Monday, June 1, 2020

Reflections - Adding Value

Adding Value

To make our offering priceless

The groceries we buy – vegetables, meats, spices, oils, butter, cheese, grains, pulses – are available at a price. When a chef de cuisine combines those ingredients into a scrumptious dish – it becomes priceless.

What did the Michelin star chef do to command 20 to 50x the ingredients’ price for the dish? 

Undoubtedly, the produce was the freshest and the best available globally. It was washed and cleaned without damage and cut in defined shapes. The mix of the ingredients used was perfected over thousands of hours of apprenticeship with reputed chefs when moving up the hierarchy to Chef de Cuisines.

The ingredients were sautéed, grilled, roasted or fried to a recognizable exactness. The sauces used were specially made for the dish. It was plated in exquisite detail and served with a flourish in an uber luxurious setting.

The value-add revolved around being the absolutely the very best, in every area of the process: from ingredient procurement, to dish preparation, and its final serving. When partaken, the expression on the guest’s face is the chef’s delight or his nightmare.  And, that of the kitchen brigade that put it all together under the supervision of the Chef de Cuisines.

How can we achieve such level of excellence in whatever we do for a living?

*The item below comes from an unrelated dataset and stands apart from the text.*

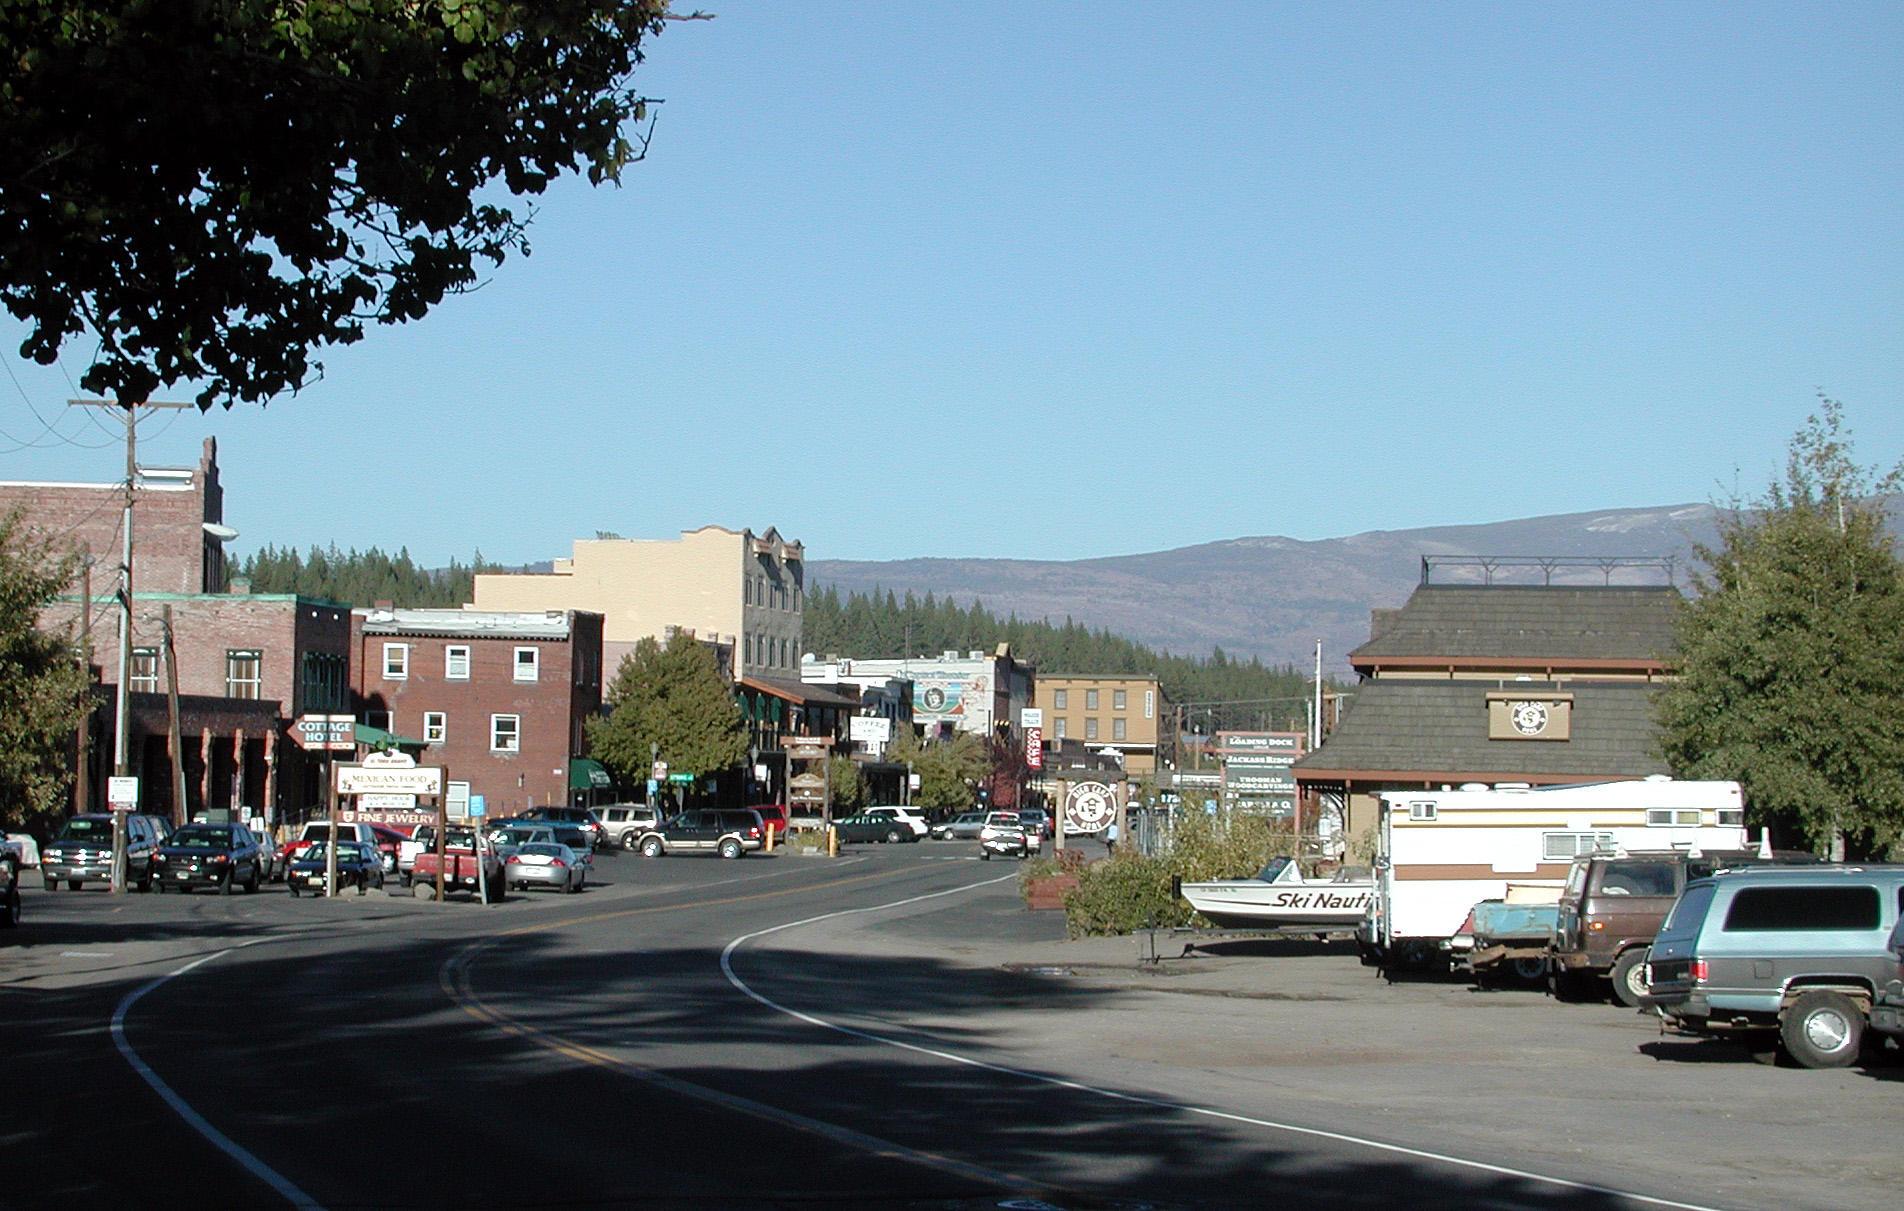 Via Vista Nevada City Ca

Anton Mosimann, OBE, DL (born 23 February 1947) is a Swiss chef and restaurateur who was Maitre Chef des Cuisines at the Dorchester Hotel for thirteen years, during which time its restaurant achieved a rating of two stars in the Michelin Guide. Very rare in those days for a hotel restaurant.
After leaving The Dorchester Mosimann, created a private dining club called Mosimann's, a cookery school, and other enterprises in the hospitality industry. He has also presented television programmes in the UK and Switzerland. 
In 2016 a museum dedicated to his life and culinary arts was opened in the César Ritz Colleges, located on the shores of Lake Geneva (lac Léman), in the town of Le Bouveret. Mosimann terms his culinary style cuisine naturelle as it emphasises healthy and natural ingredients, avoiding additions of fat and alcohol.
Seven factors account for Anton Mosimann’s continued success even at 73 as told by Anton himself in a talk to students of the Switzerland hospitality industry.
1.   Sacrifice to learn: Being talented he rose fast in the hotel restaurant hierarchy and had to demote himself with lesser perks and lower salary just to learn at a deeper level another dimension of the culinary arts to become a multifaceted chef which built and added to his reputation
2.   Be completely educated: He went where his chef advised him to go; in the hospitality industry you do not apply for a job; you are sent by the chef you apprentice with wherever he thinks your practical education will be complete
3.   Experience variety: He moved countries to understand the national taste, since the concept of fine dining dramatically changed by country, for example, butter and cheese, is hardly used in Japanese dishes, and yet the dish is expected to taste exquisite
4.   Compete to know where you stand: He participated in cooking competition every opportunity he got; the first medal he won gave him the confidence that he was as good as the best, if not the best; his current count is around 50 medals
5.   Enjoy what you do: He still wakes up every morning looking forward to the day’s work; in fact he says he once received a compliment from a young lady who had come to his restaurant and in welcoming her he introduced himself, “I am Anton Mosimann”, to which she replied, “you are still alive?”
6.   Be challenged by the best: He has been through the ultimate test of his profession, cooking for the most prestigious royal or presidential banquets and for nearly every celebrity of the day, including Margaret Thatcher, the British PM, who while complimenting Anton, two-three years later when they met on another occasion, also added that the banquet he put together for her, on the visit of the French President Francois Mitterrand, was very expensive; Anton remarked, in the talk to the students, “She does not miss a trick”
7.   Look them in the eye: The stakes were very high; every guest had to be delighted; at the start of the day Anton would greet every member of his team every day by name, looking them in the eye, and knew right away if something was wrong with any of his staff members that morning, which got corrected over coffee in his office
Anton Mosimann is where he is – among the greats – because he never forgot that he is only as good as the value that he can add every time a dish passes under his nose and his guests consider it a privilege to have dined at the work of his hands.
In the work we do for a living, where in the process or in the ultimate output, is our individual hand involved, in the collective effort, in the creation and consumption of our company's product or services, that makes the offering priceless and our reputation hallowed?